- _AVAILABLE DATA_

################

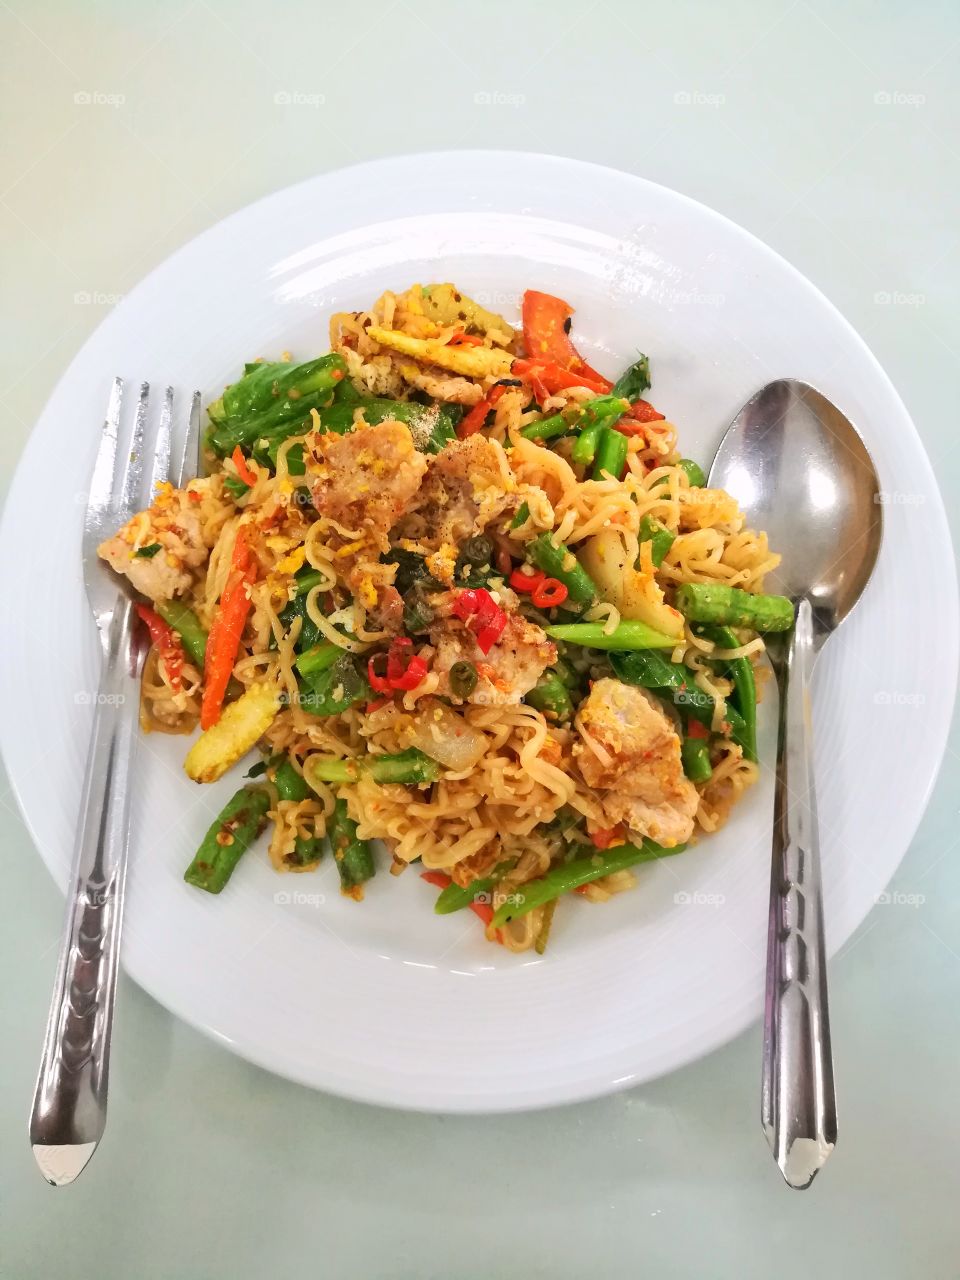 Thai spicy food, Pad kee mao. Spicy Noodle with pork and vegetables.
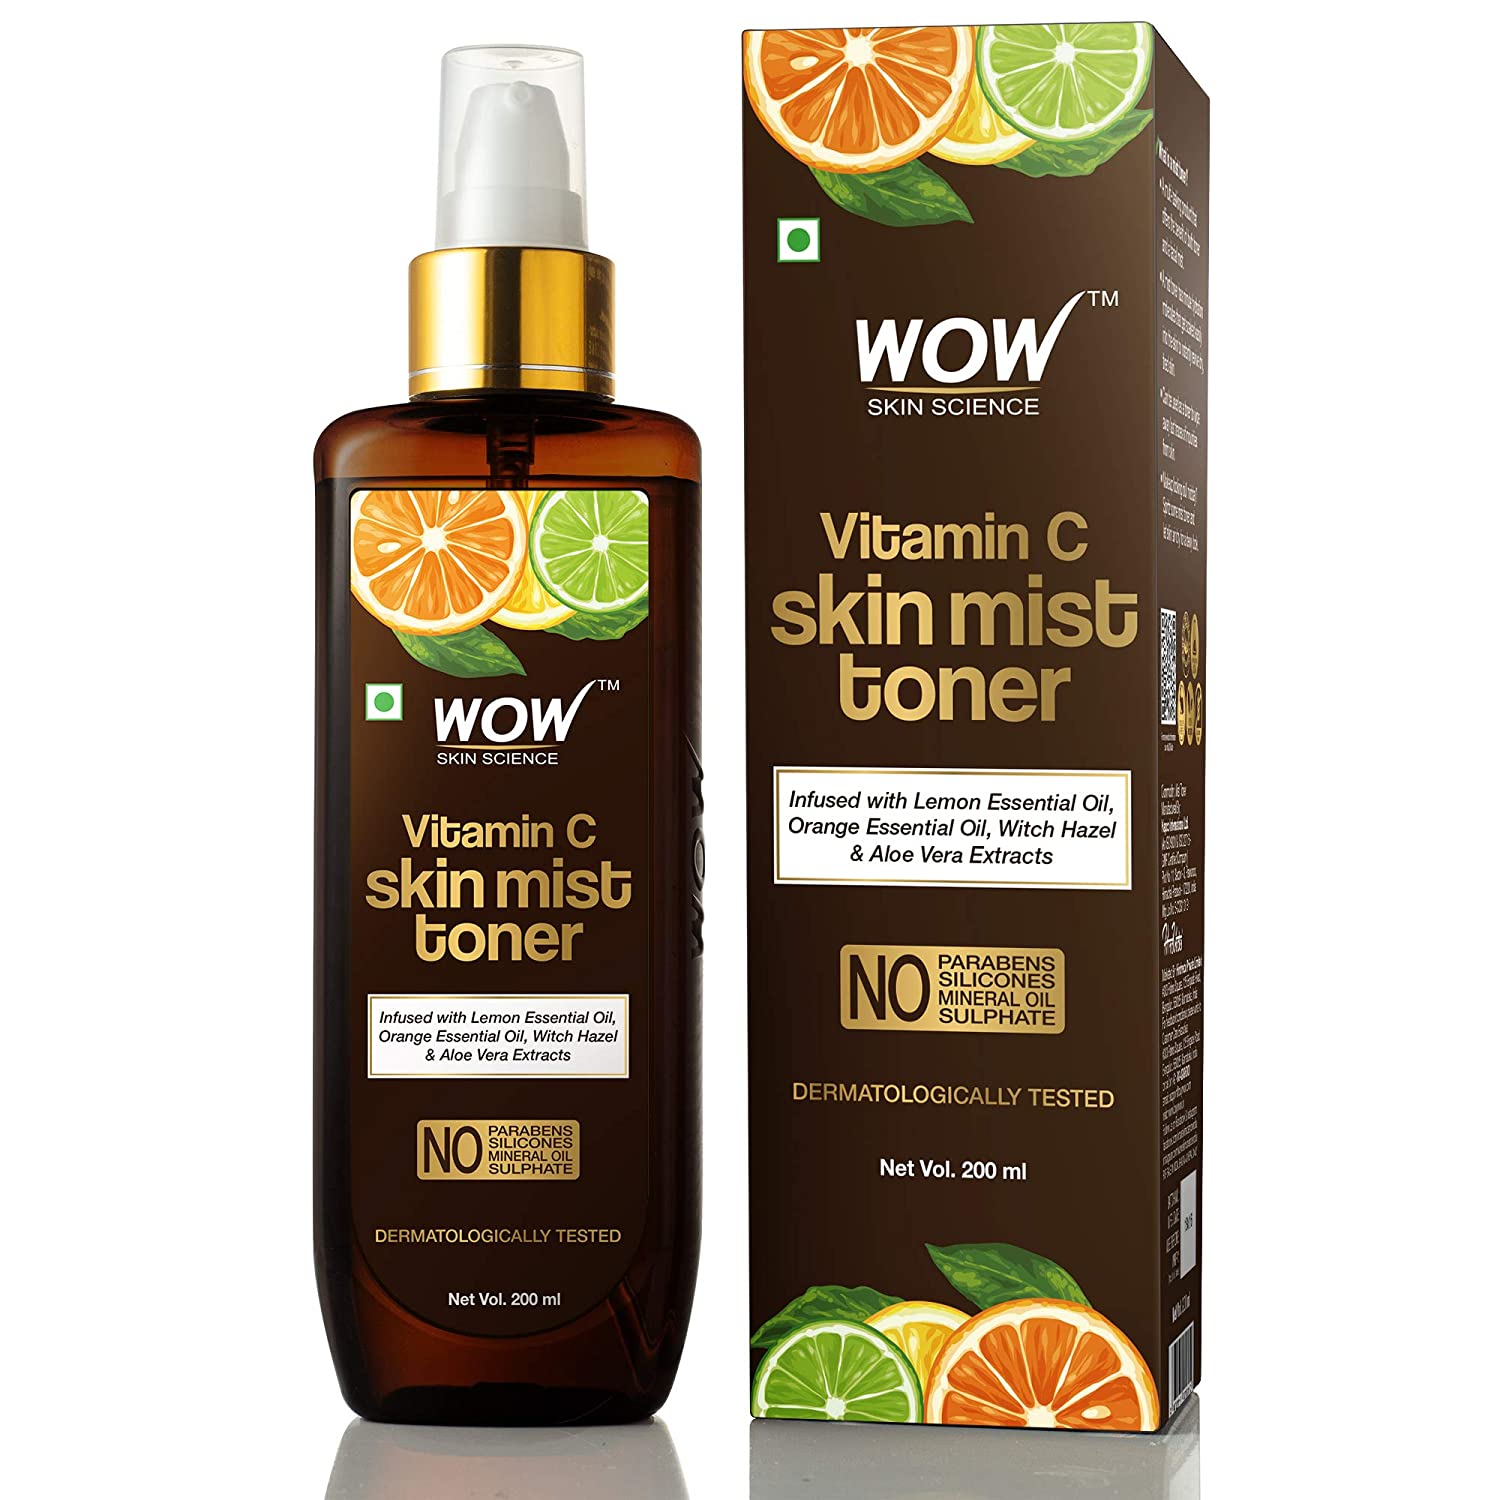 wow-skin-science-face-toner
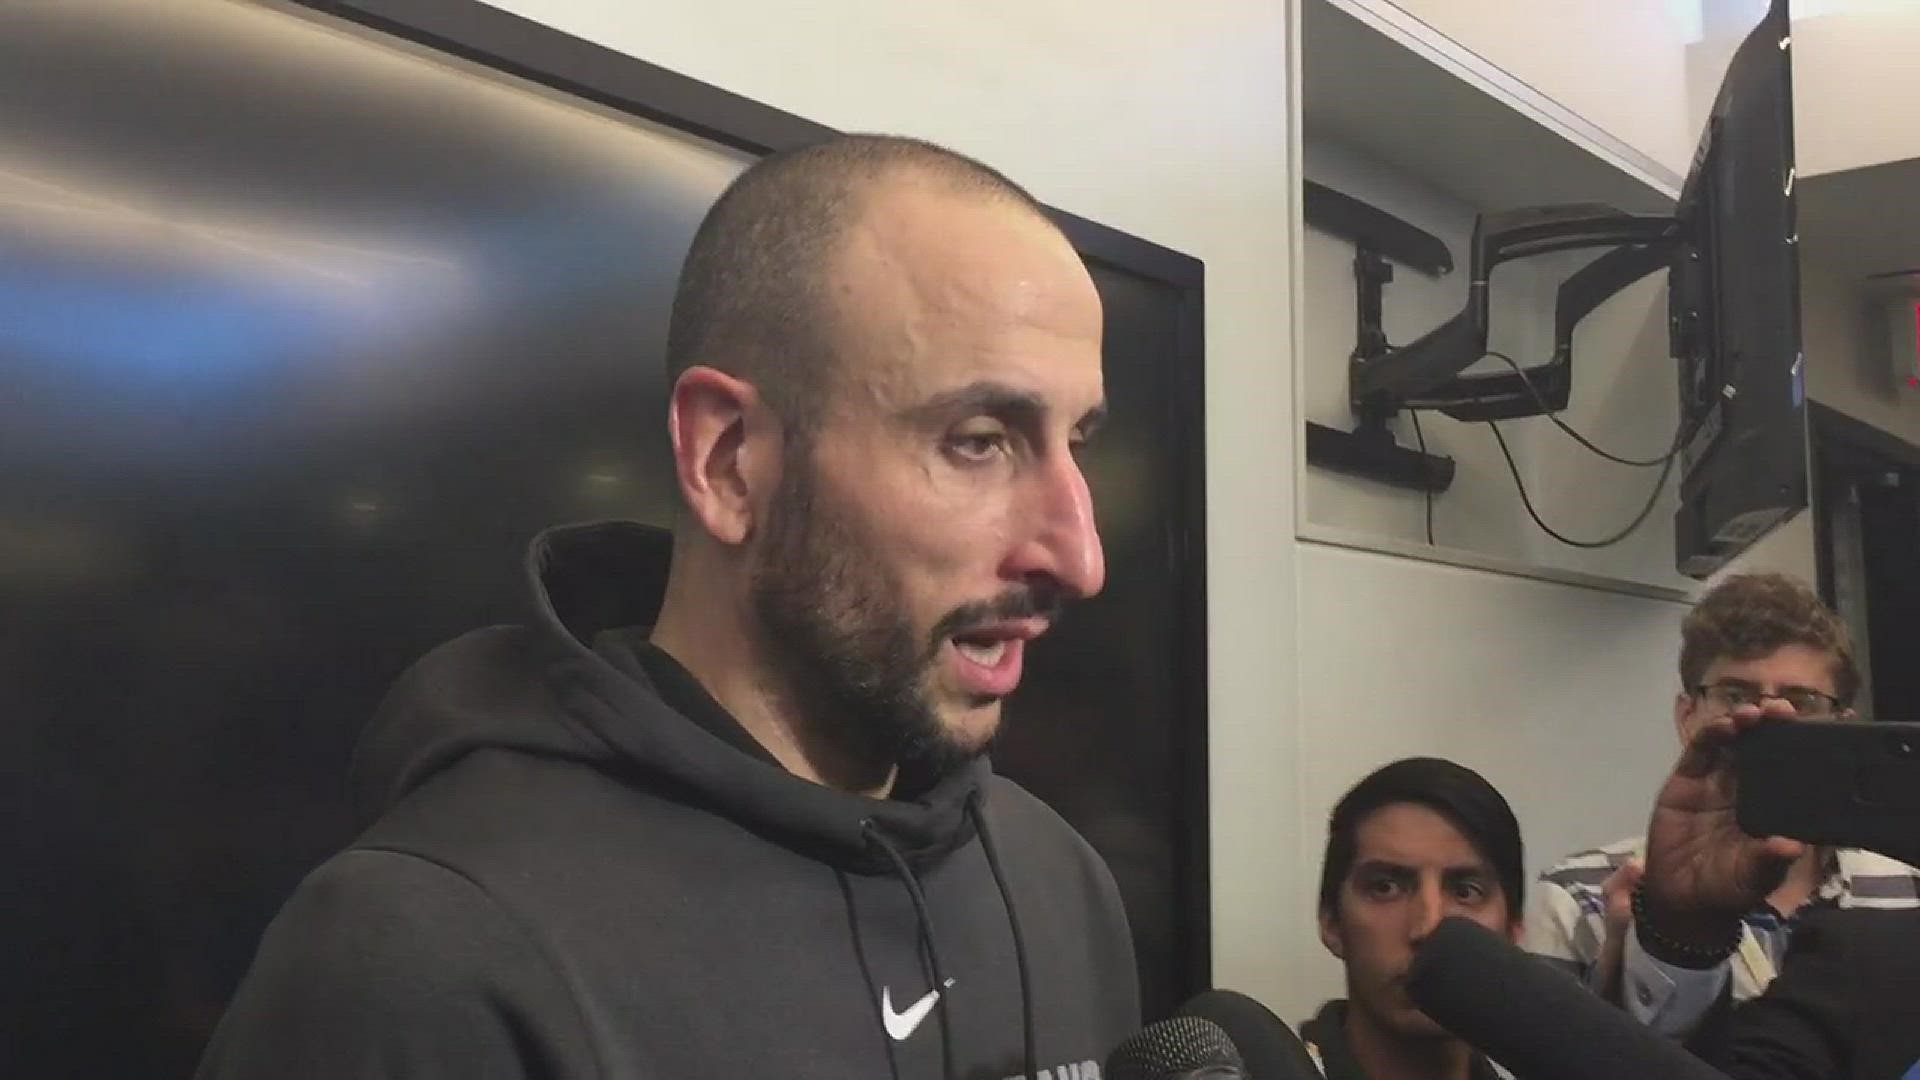 Manu talks about the Spurs' win over the Kings on Sunday night
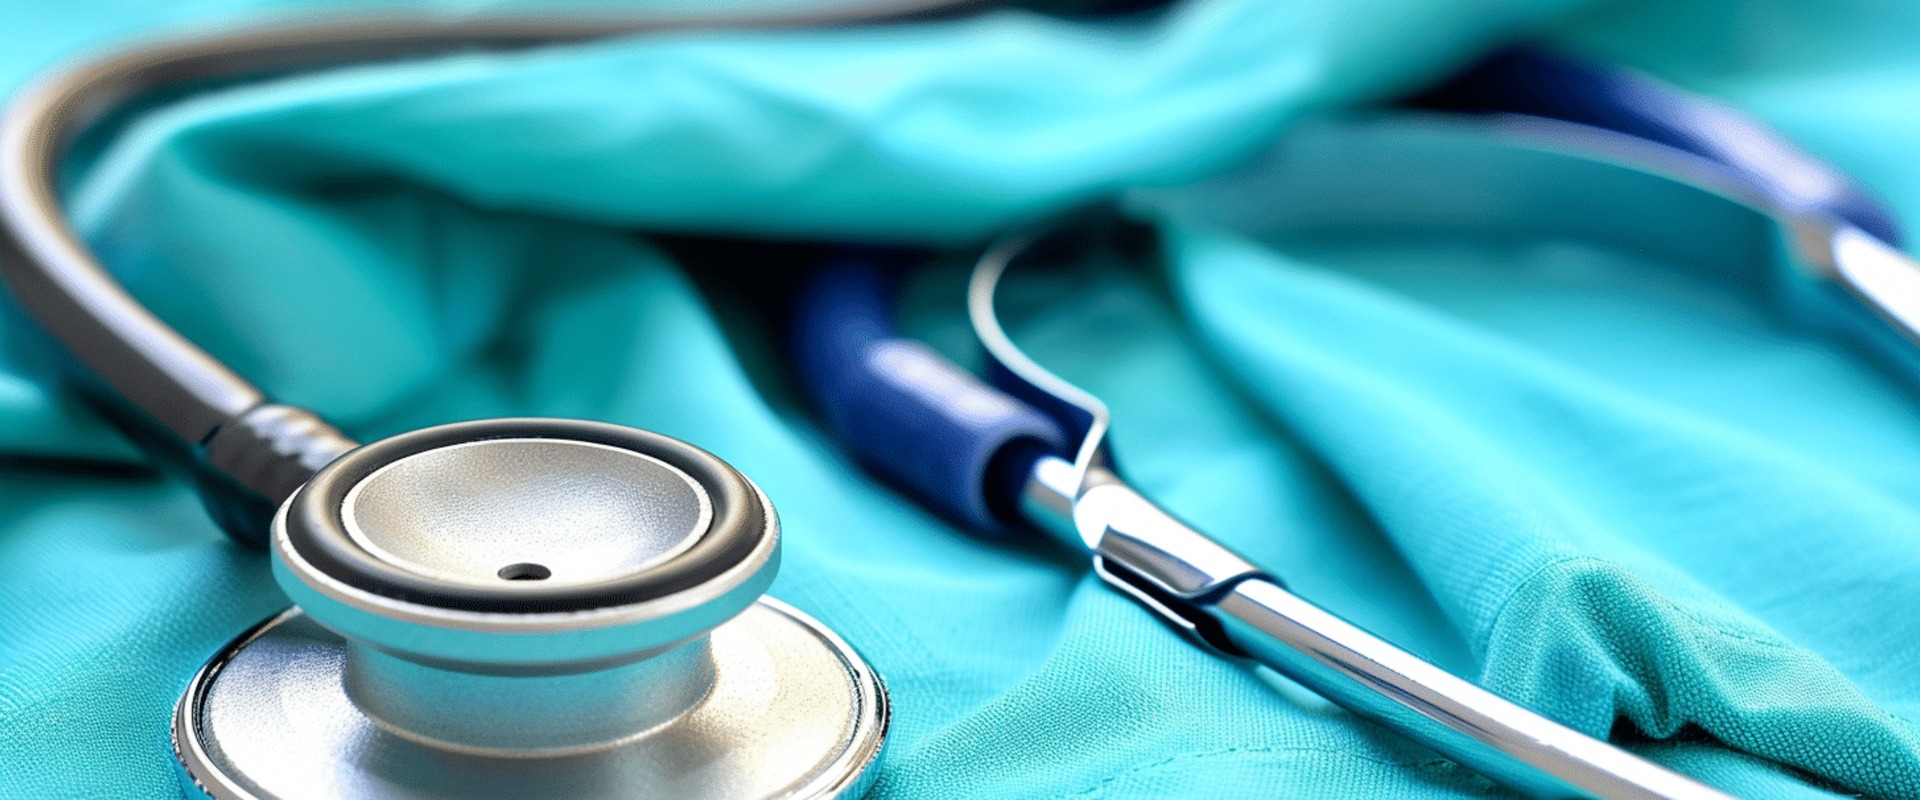 The Most Common Types of Medical Malpractice and How to Protect Your Rights

################

The expected result is the data above in exact form, free of pictures.

- _EXERCISE ANSWER_
 Thai spicy food, Pad kee mao. Spicy Noodle with pork and vegetables.
 wow-skin-science-face-toner
 Manu talks about the Spurs' win over the Kings on Sunday night
 The Most Common Types of Medical Malpractice and How to Protect Your Rights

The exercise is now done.